Pour revenir sur la question de précarité dont tu parles, j'aimerais bien prôner que les CDI soient distribués en priorité aux jeunes des cités... mais je crois que le CDI est en voie de disparition, et pour tout le monde ! Car la précarité des jeunes est partout, pas seulement dans le journalisme : je n'ai pas les chiffres en tête, mais il est terrifiant le taux de CDD, chômage, interim et autres contrats nouvelle embûche dans notre génération. Certes, quand on sort d'une école d'ingénieurs ou de commerce, on est mieux lotis qu'à la sortie du CFJ, mais pour combien de temps ? Demain, le salariat laissera place au précariat généralisé. De dire : "les jeunes des cités ne peuvent pas intégrer les rédactions parce que c'est la big ####", c'est laisser croire que partout ailleurs, ils trouveront des CDI et des conditions de travail cool et fun. C'est faux ! La big ####, ils la trouveront presque partout, qu'ils fassent des études ou non. Alors autant qu'ils aient le droit de faire comme nous autres "favorisés" : choisir quelle big #### ils veulent goûter !
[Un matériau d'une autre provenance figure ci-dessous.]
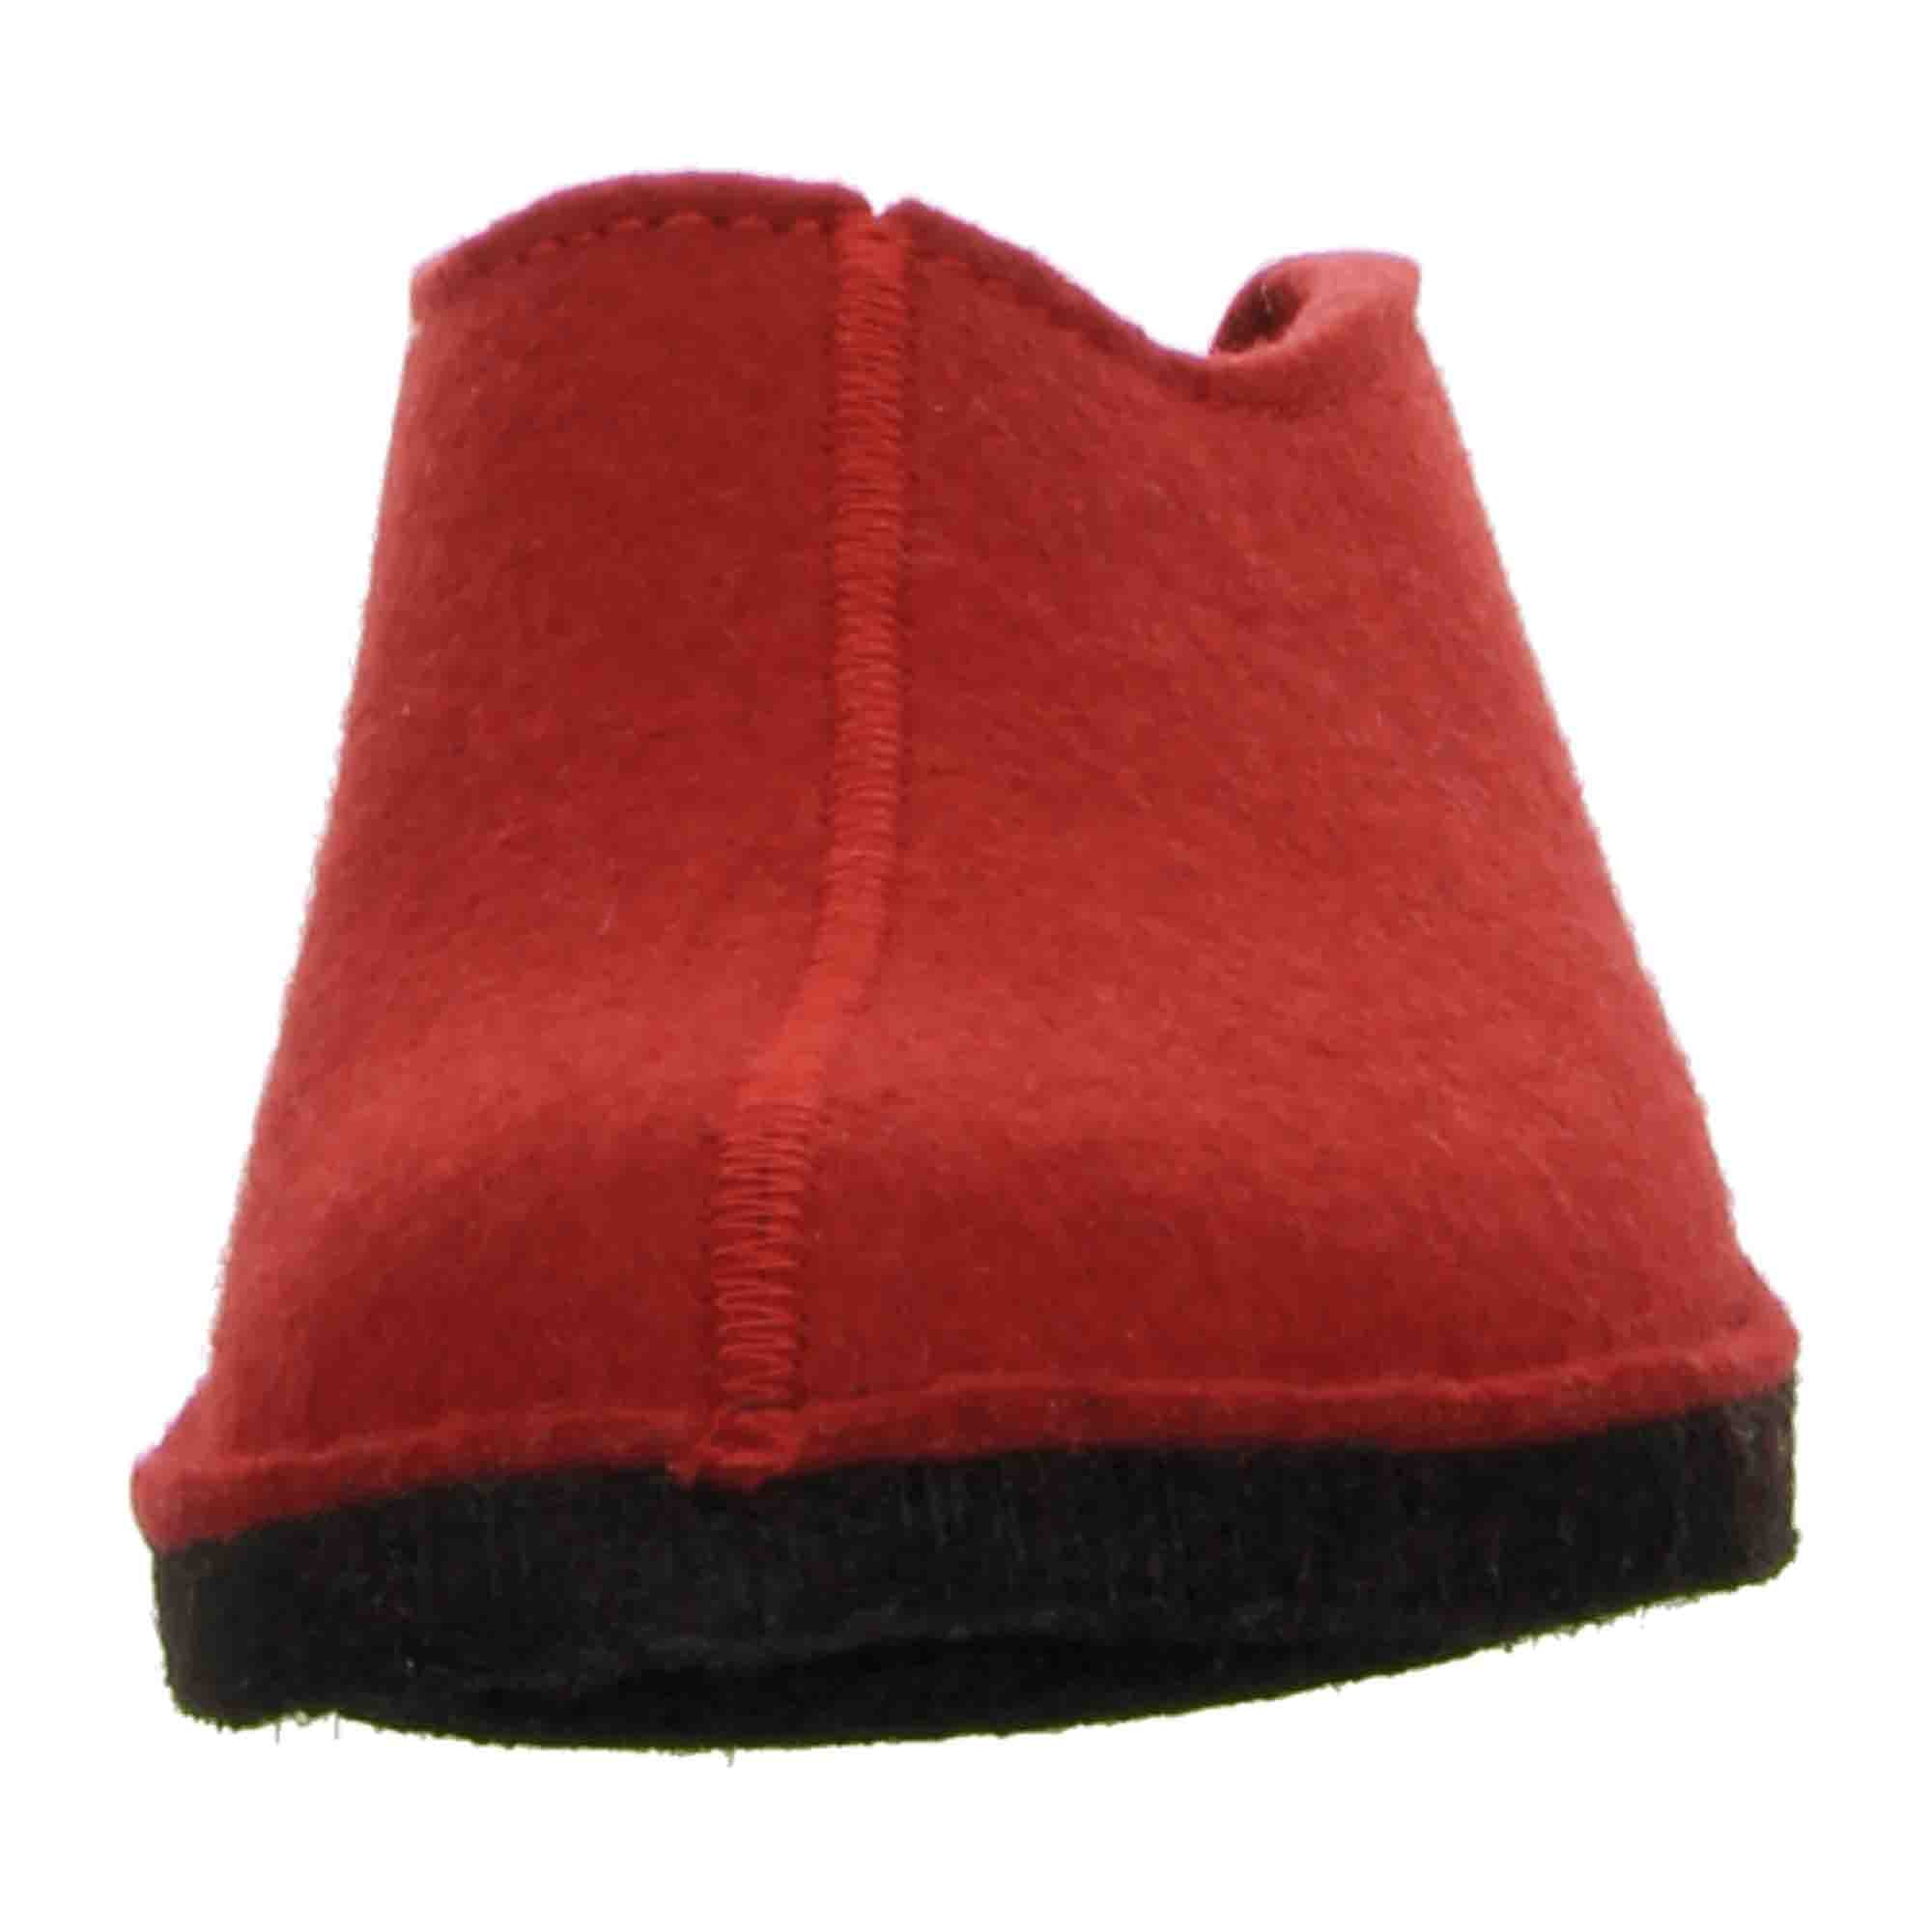 Haflinger Flair Smily Men's Slippers, Vibrant Red - Comfortable & Durable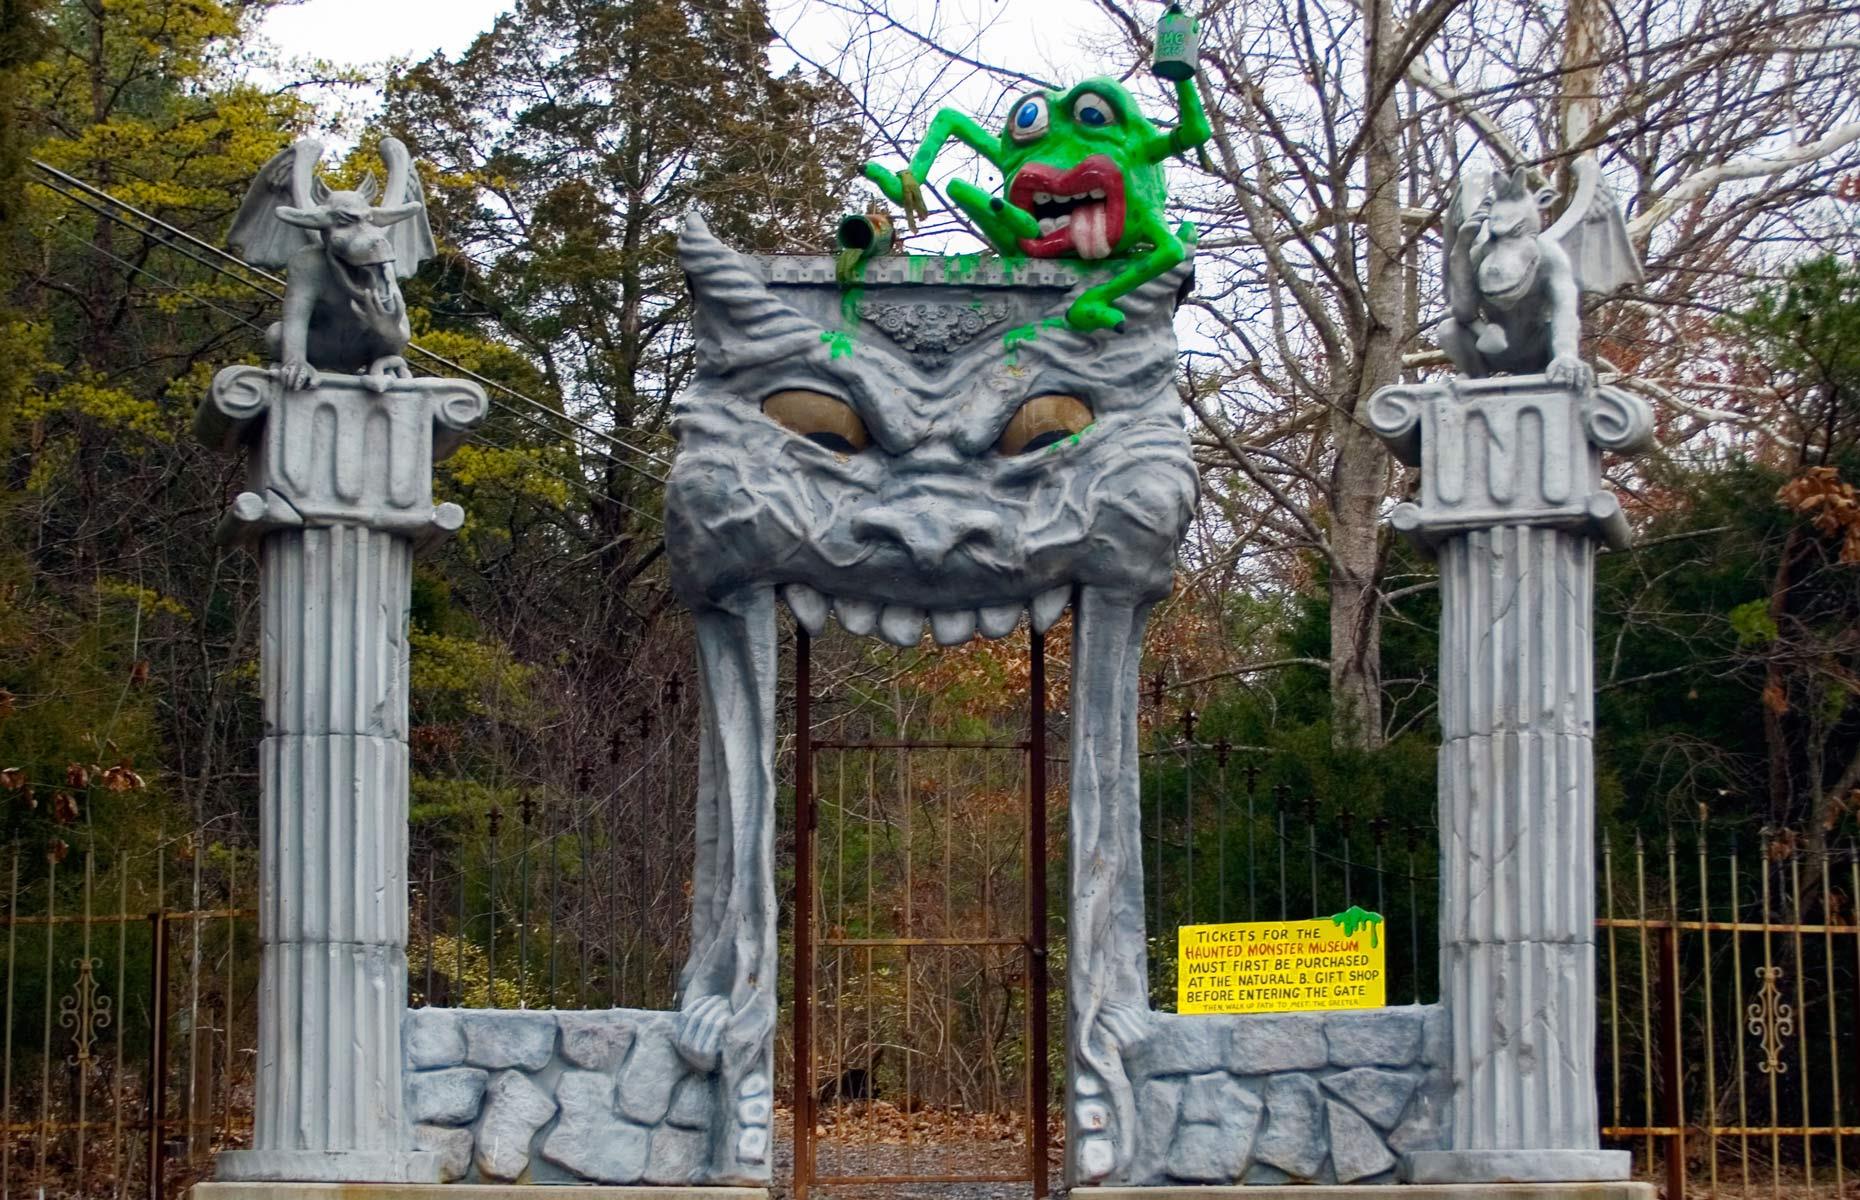 Virginia: Professor Cline's Haunted Monster Museum, Natural Bridge

Et parallèlement, à nous tous de faire pression, de militer, de défiler, que sais-je ? pour "réhumaniser" cette jungle, en instaurant par exemple une flexsécurité à la danoise (dans laquelle la sécurité n'est pas un alibi ni un vain mot). Pigistes oui, flexibles d'accord, mais pas mendiants entre deux portes comme nous le sommes aujoud'hui. Avec des droits, une sécurité garantie, bref, quelque chose qui ressemble à la social-démocratie plus qu'à l'économie de survie. Donc, pour le coup, je reprends les propos de D.C.: parler de la précarité et comment lutter contre, OUI ! Mille fois oui ! Mais c'est un autre débat que celui de la diversité A.G. (00)

Aider davantage des personnes défavorisées me semble normal : bourses, aides sociales, accès privilégié à certains services (bibliothèques, auto-écoles), éventuellement impôts négatifs, etc. Rendre légal le fait de leur accorder une priorité à la sélection dans une école ou à l'embauche dans une entreprise me paraît totalement déplacé, en tout cas absolument pas compatible avec l'idée que je me fais d'une société de progrès.
Il est vrai que la précarisation du monde du travail, en particulier dans la presse, est un frein à l'ascenseur social. Pour réduire cet effet, je ne vois qu'une solution, en plus des mesures sociales proposées plus haut : l'application stricte du droit du travail, assortie de la remise en cause des contrats précaires, à commencer par le CNE. La flex-sécurité ne me semble pas la solution ; à mon avis c'est un alibi pour autoriser le financement public des erreurs de management des patrons. C'est en outre un puissant moyen de déresponsabilisation des employeurs.
Dans une logique de marché stricte, l'application de ces solutions aboutirait à une offre de main-d'œuvre supérieure à la demande. La sélection aux portes des entreprises sera donc dure. Mais n'est-ce pas déjà je cas ?
Il sera alors peut-être temps d'ajouter à la règle du CV anonyme celle de l'entretien d'embauche anonyme, ou au moins la présence obligatoire de délégués syndicaux à tout entretien d'embauche.
DJ (99)
PS L'intégration, PM, vaut pour tout le monde, aussi bien un descendant d'esclave noir qu'un descendant de paysan serf (1000 ans d'esclavage, cela ne mérite pas d'être condamné une loi spécifique, mais c'est long quand même). Je préfère l'expression "assimiliation réciproque". Il me semble préférable que la société française reste un brassage, un vrai, avec mariages mixtes et tout, plutôt que de prendre modèle sur ce qui ne fonctionne pas ailleurs.